Ну и к чему эта издевка? Разве я заслужила ее? Стараюсь для него же, между прочим, трачу свое отнюдь не резиновое время, а он позволяет себе разговаривать со мной в таком недопустимом тоне. Именно эту мысль я и высказала, но коротко:
- Ничего, Роман Петрович…
- Значит, я могу идти? - спросил он, наклонившись ко мне, и я обнаружила, что у этого хама серые глаза.
- Можете, Роман Петрович… вы, наверное, спешите?
- Спешу, Дарья Васильевна…
- Вас ждет Рита? - совсем неуместно ляпнула я и прикусила язык.
- Рита? - переспросил он и нацепил на лицо удивленную мину.
- Да, Рита, а чему вы удивляетесь, Роман Петрович? Она моя родственница, и я, боясь, что она не справится сама, решила помочь ей, но плоха услуга, когда я ровно ничего не понимаю в ваших делах. В ваших делах, Роман Петрович… - подчеркнула я, уже открытым текстом, напрямую, без обиняков и двусмысленностей.
Кажется, он удивился еще сильнее… и разозлился?
- Что вы хотите от меня, Дарья Васильевна? Я не собираюсь обижать вашу сестру, не беспокойтесь…
- Садитесь в машину, Роман Петрович, - отрезала я. - Я вас подвезу, и по пути мы обсудим дела и обиды.
Он пожал плечами, зыркнул на меня своими серыми глазами, обошел капот, я открыла дверцу. Через несколько минут я вывела машину на проспект.
- Вы уверенно водите, - сказал Лудовин.
- Спасибо, - ответила я, отметив про себя, что его реплика прозвучала очень по-мужски: под якобы комплиментом скрывалось снисходительно-недоговоренное "хотя, как женщина, конечно".
- Закурю, - сказала я, чтобы заполнить паузу и успокоиться, привычно нащупала в сумке пачку, вытянула сигарету и занялась поисками зажигалки.

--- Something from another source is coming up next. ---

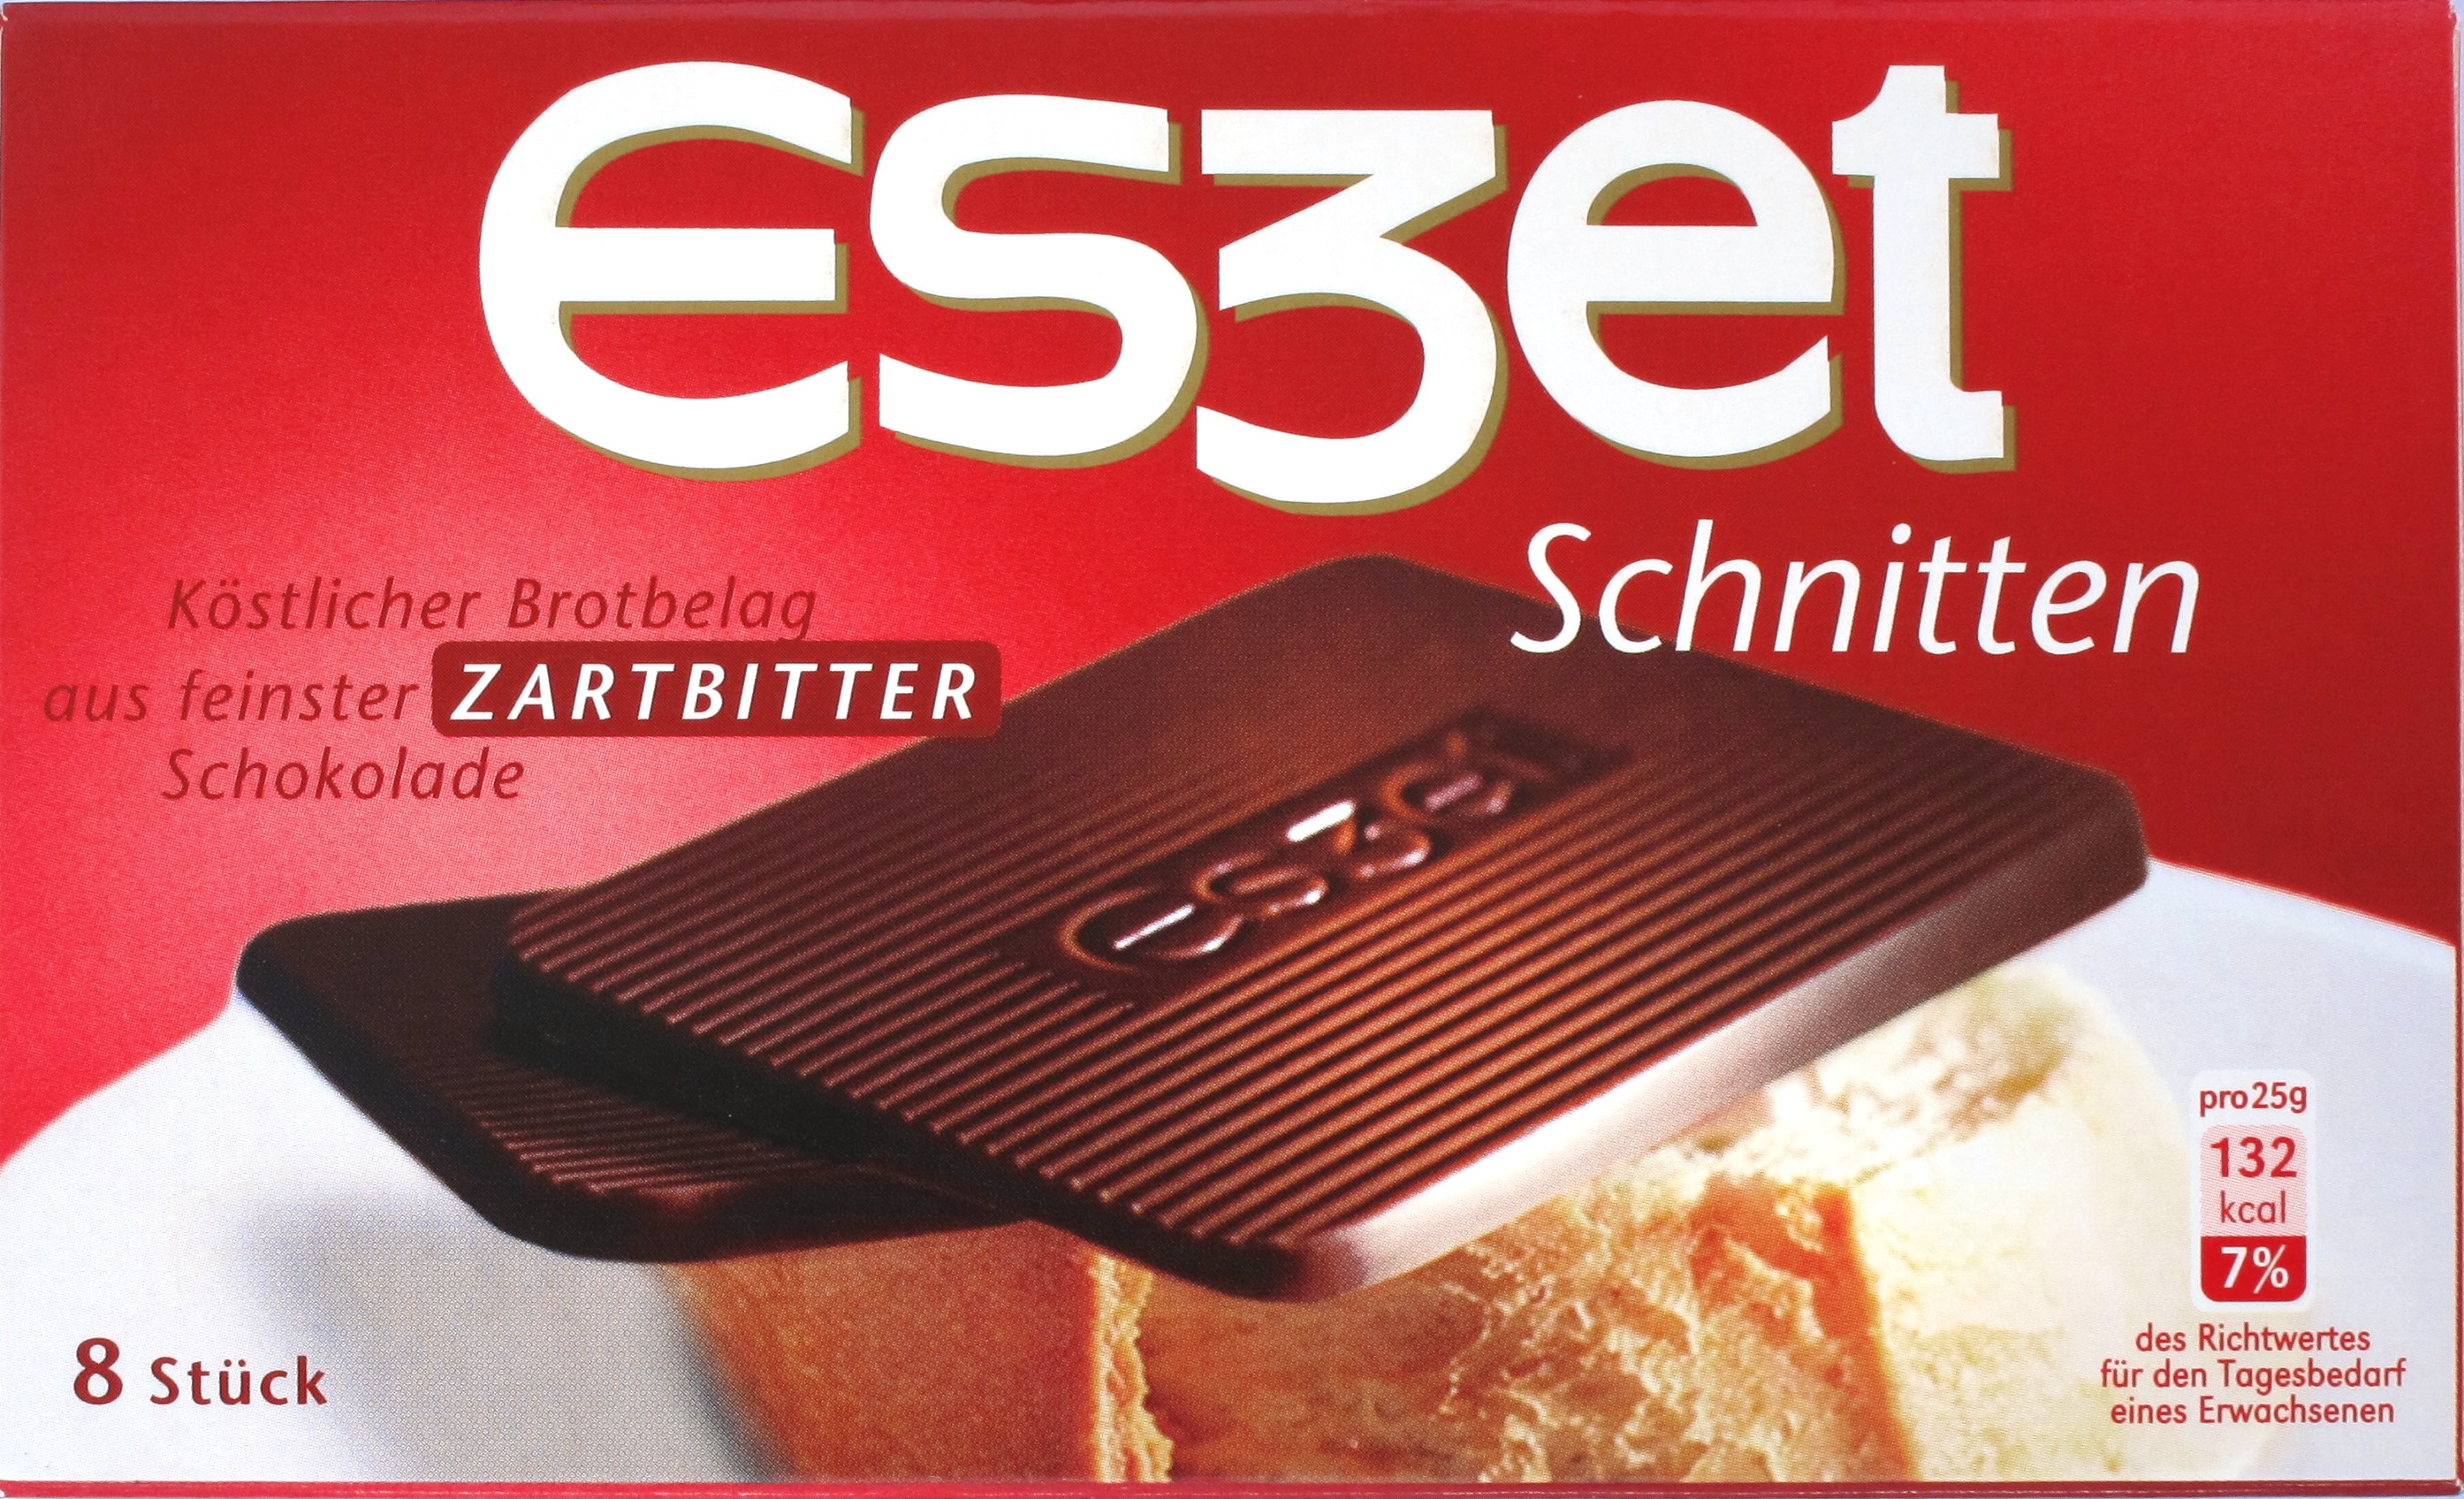 Eszet-Schnitten 50% Zartbitter

- Уверенно ведете, - повторил он. - Но лучше не отвлекайтесь.
Ах, да, он же попадал аварию и волнуется - психологические последствия пережитого стресса. Я чуть было не высказала свою догадку вслух, но вовремя спохватилась. Как же мне начать разговор? Издалека, но из какого далека? Решимость, которая наполняла меня несколько минут назад, куда-то бесследно улетучилась, осталось состояние неуместного смущения. Не следует ни одним словом показать ему, что я что-то знаю о его прошлом, иначе можно попасть в двусмысленную ситуацию.

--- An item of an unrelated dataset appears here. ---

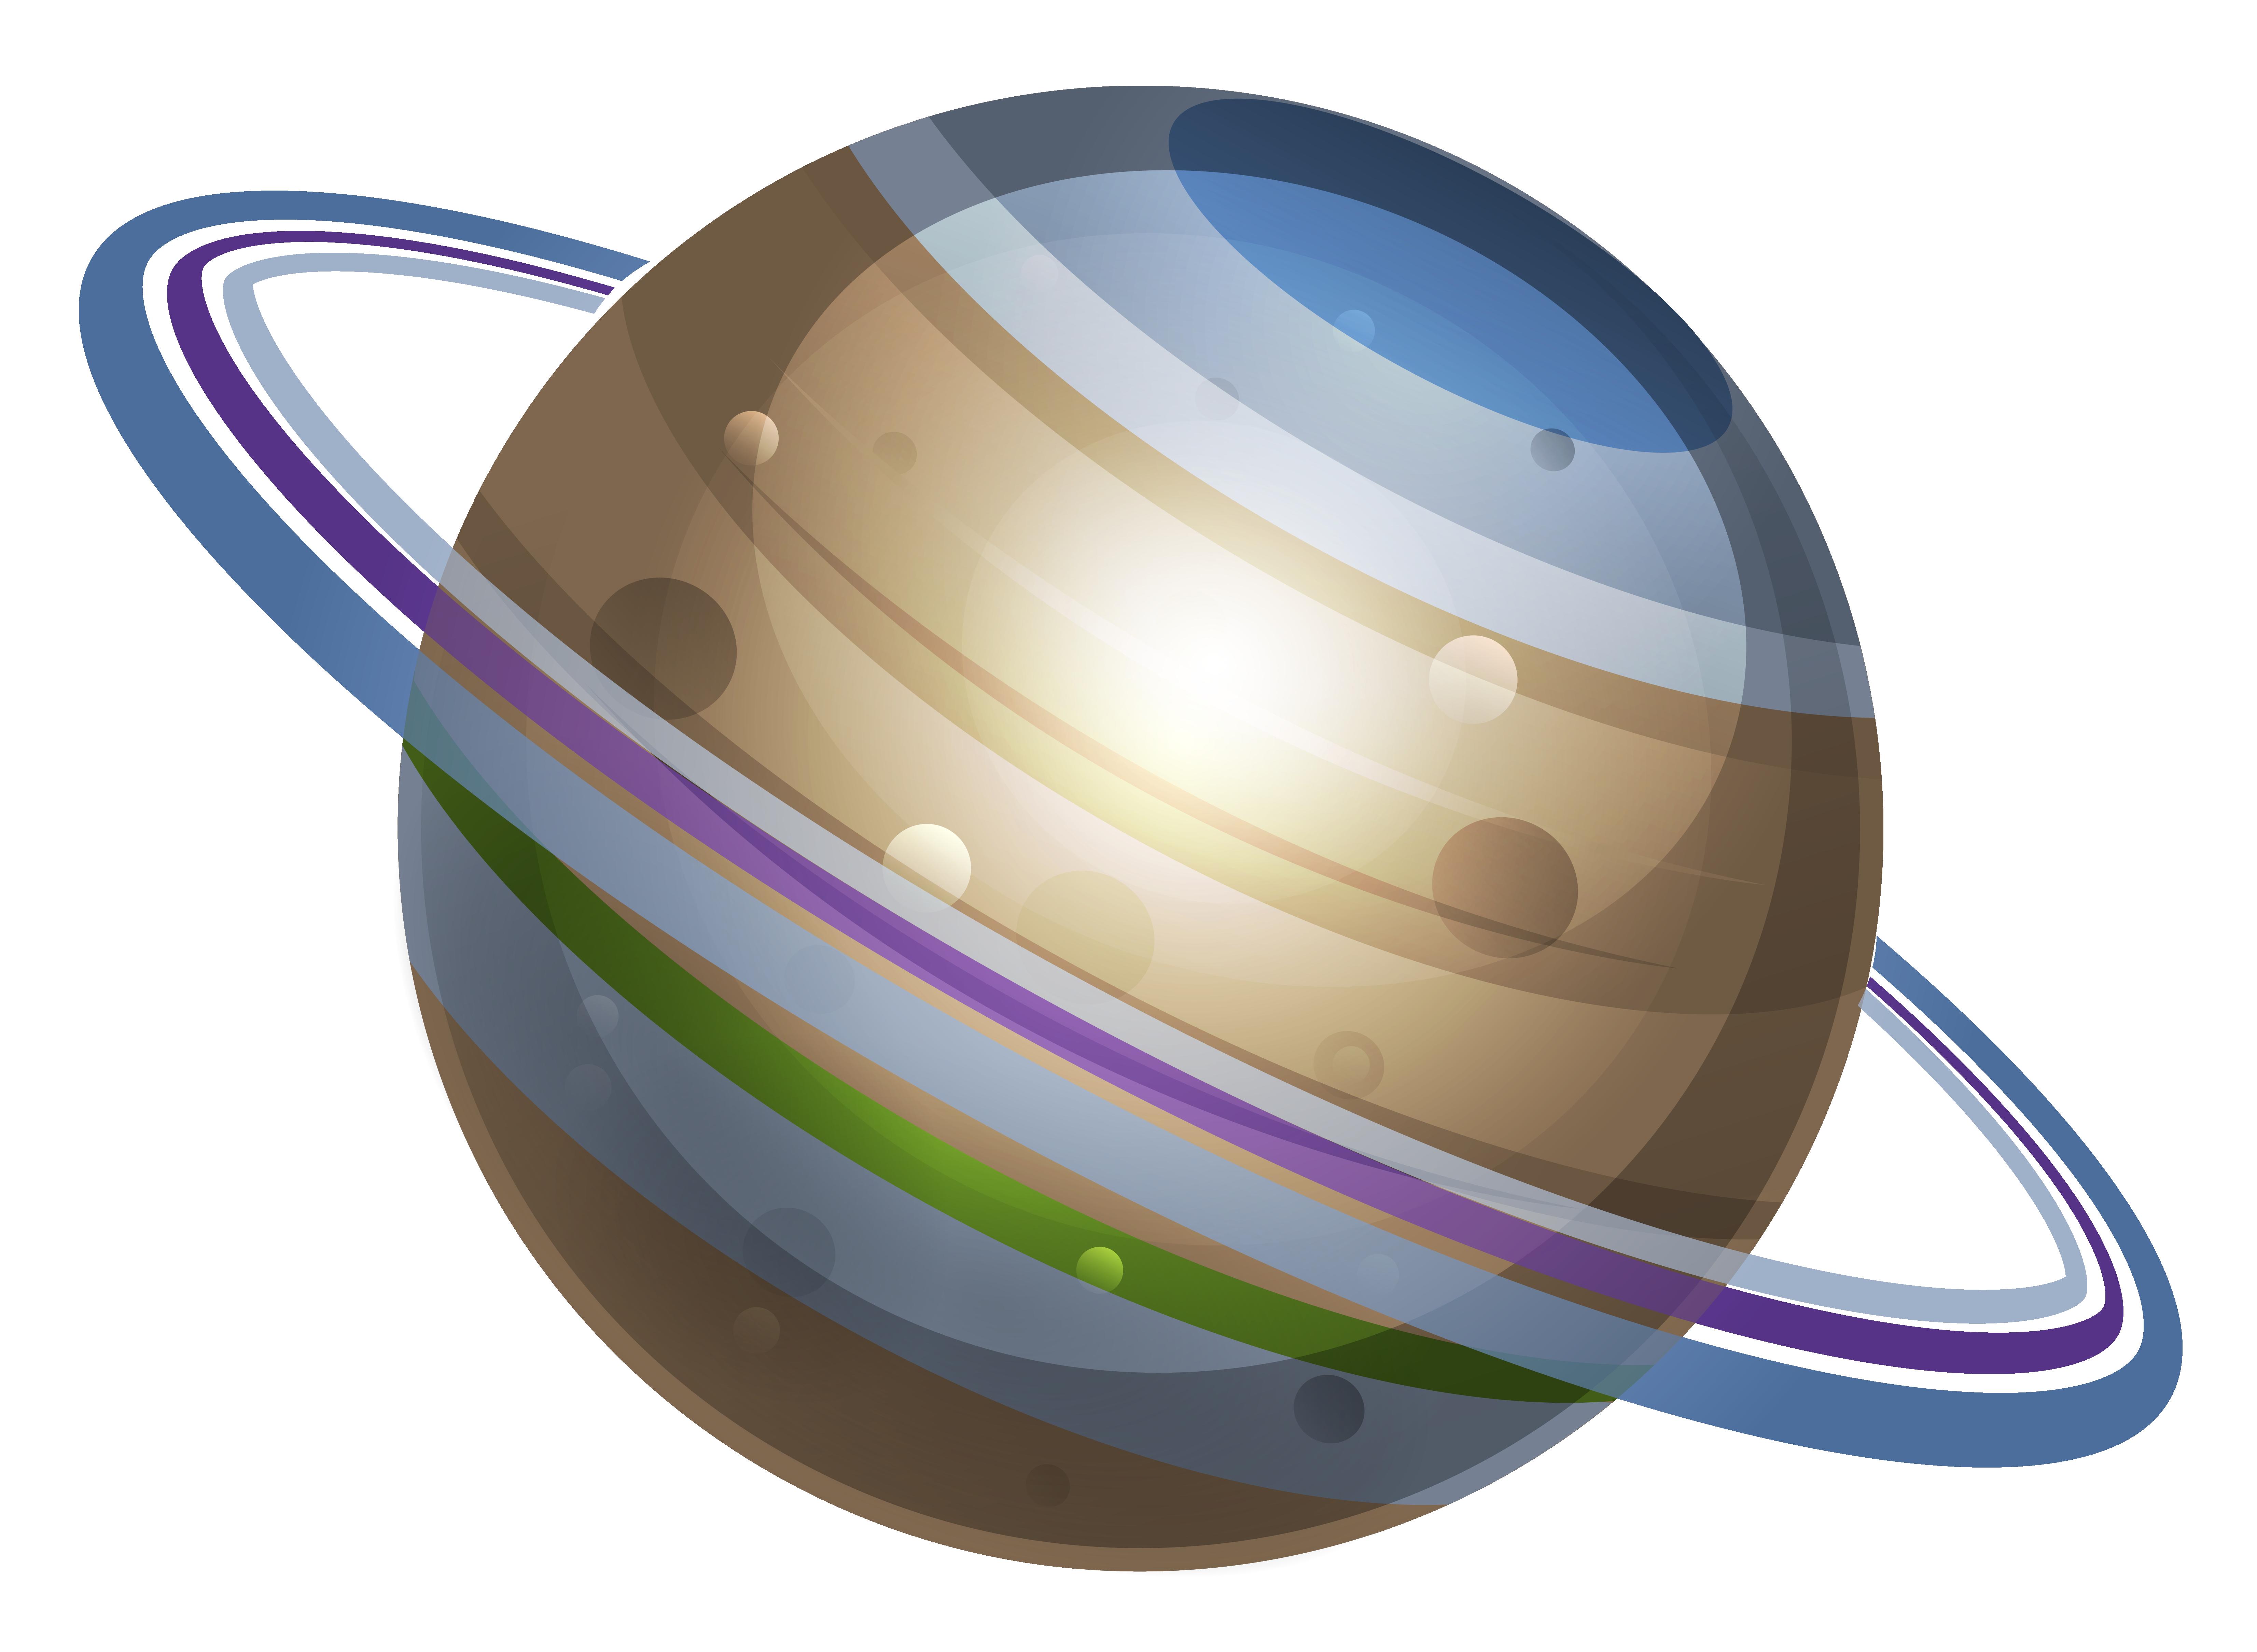 Planet School Model PNG Clipart Image.

Какое-то время мы молчали, затем пошел дождь, и я нашла оригинальную тему для начала разговора.
- Дождь надоел, - глубокомысленно изрекла я. - Очень мокрая осень.
- Для нашего города это и не удивительно, - молвил Лудовин.
- Да, верно, - ответила я.
Я осторожно взглянула на него. Он смотрел вперед, прядка темных волос на лбу, вполне приличный профиль - немного неправильный нос, тонкие губы, подбородок… гм-м-м… можно было бы посчитать волевым, если бы он был чуть резче очерчен. Я оценивала черты его лица, словно собиралась делать карандашный набросок, невольно прикидывая - вот здесь нужно обвести контур, там наложить тон посветлее, а сюда - густую тень. Впереди светофор мигнул красным, я остановила машину и сказала, словно нырнула в холодную воду:
- Роман Петрович, мы как-то странно познакомились с вами, вы меня действительно удивили…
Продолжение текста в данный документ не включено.